8.11 Lethal Dose (LD50)
Definition
• LD₅₀ is the dose at which 50% of a test population dies from exposure to a substance.
Use
• Used to measure toxicity of chemicals in lab animals.
• Lower LD₅₀ = more toxic.
8.12 Dose Response Curves
Dose-Response Relationship
• Plots the effect of a toxin against its dose.
• Threshold: the minimum dose at which effects appear.

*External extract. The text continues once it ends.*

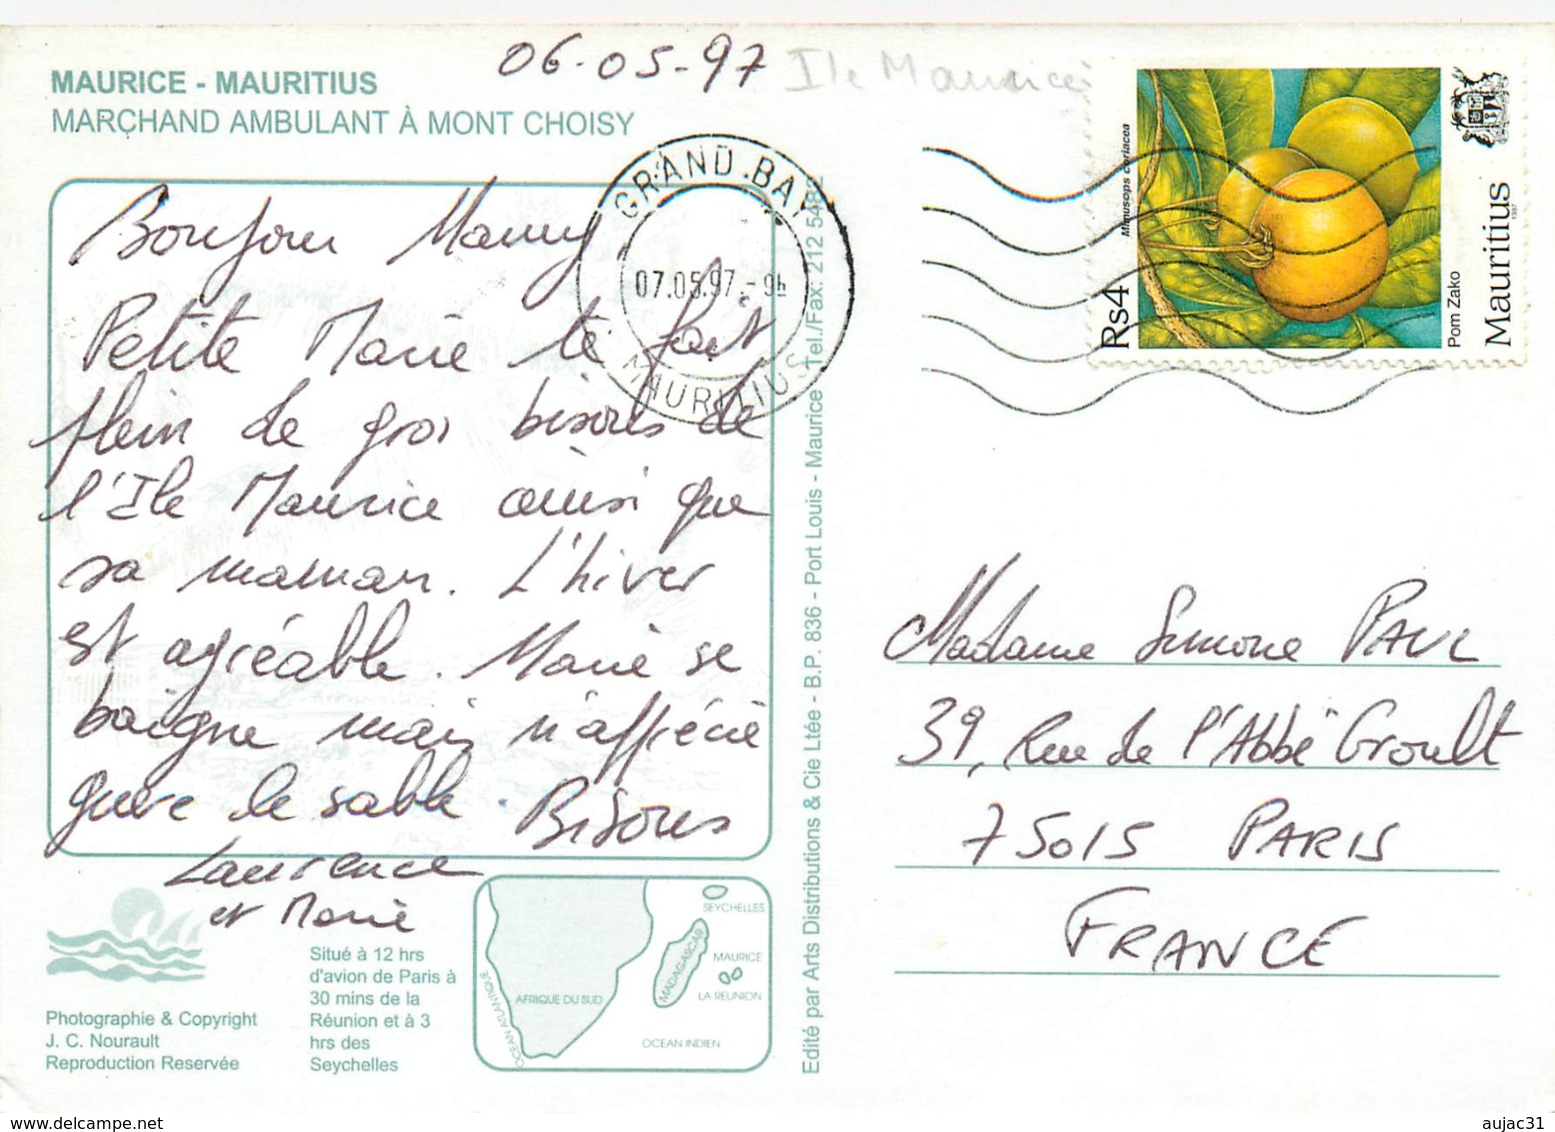 Ile Maurice - Mauritius - Marchant Ambulant à Mont Choisy - Moderne Grand Format - état - Maurice
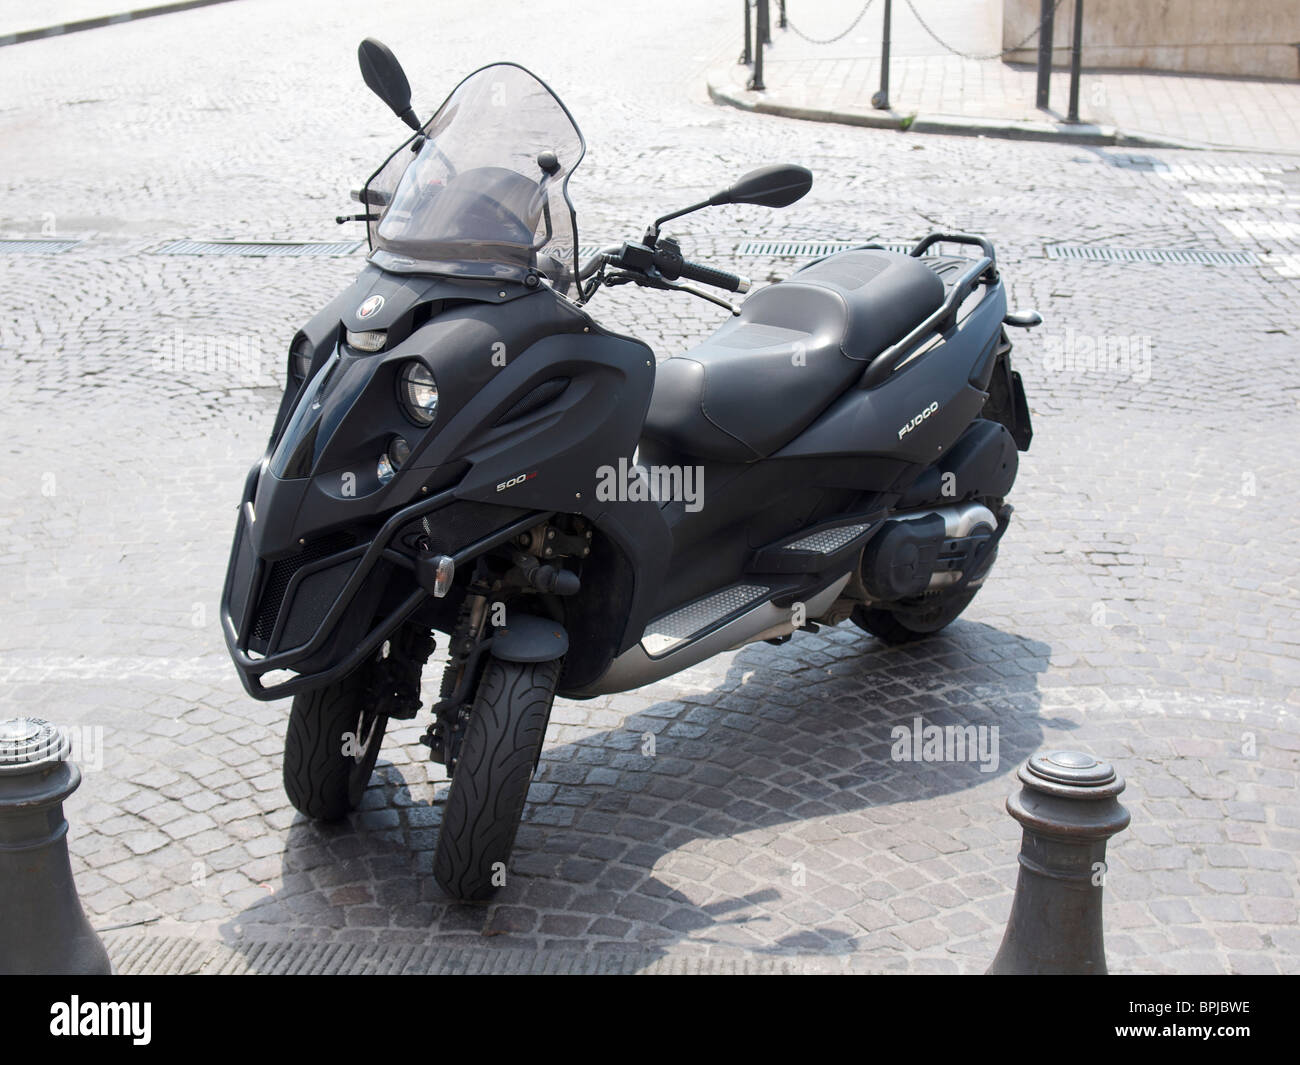 Gilera Fuoco 500ie un nouveau type de moto scooter qui a deux roues avant. Pise, Toscane, Italie Banque D'Images

• Helps set exposure limits and determine relative safety.
8.13 Pathogens and Infectious Diseases
Sources
• Waterborne pathogens from untreated sewage and animal waste.
• Diseases include cholera, dysentery, hepatitis A, Giardia, and typhoid.
Global Impacts
• More prevalent in developing countries with poor sanitation.
• Contribute to millions of deaths annually, especially in children.
Solutions
• Improve wastewater treatment, sanitation, and water filtration.
• Promote hygiene, vaccination, and safe water access.
In a Nutshell
Pollution affects both aquatic and terrestrial ecosystems through diverse pathways—nutrient loading, toxic chemicals, thermal changes, solid waste, and biological contamination. Eutrophication, endocrine disruption, and disease spread highlight the complexity of human impacts. Solutions include better waste treatment, reduced emissions, sustainable land use, and education. Managing pollution holistically is key to protecting environmental and public health.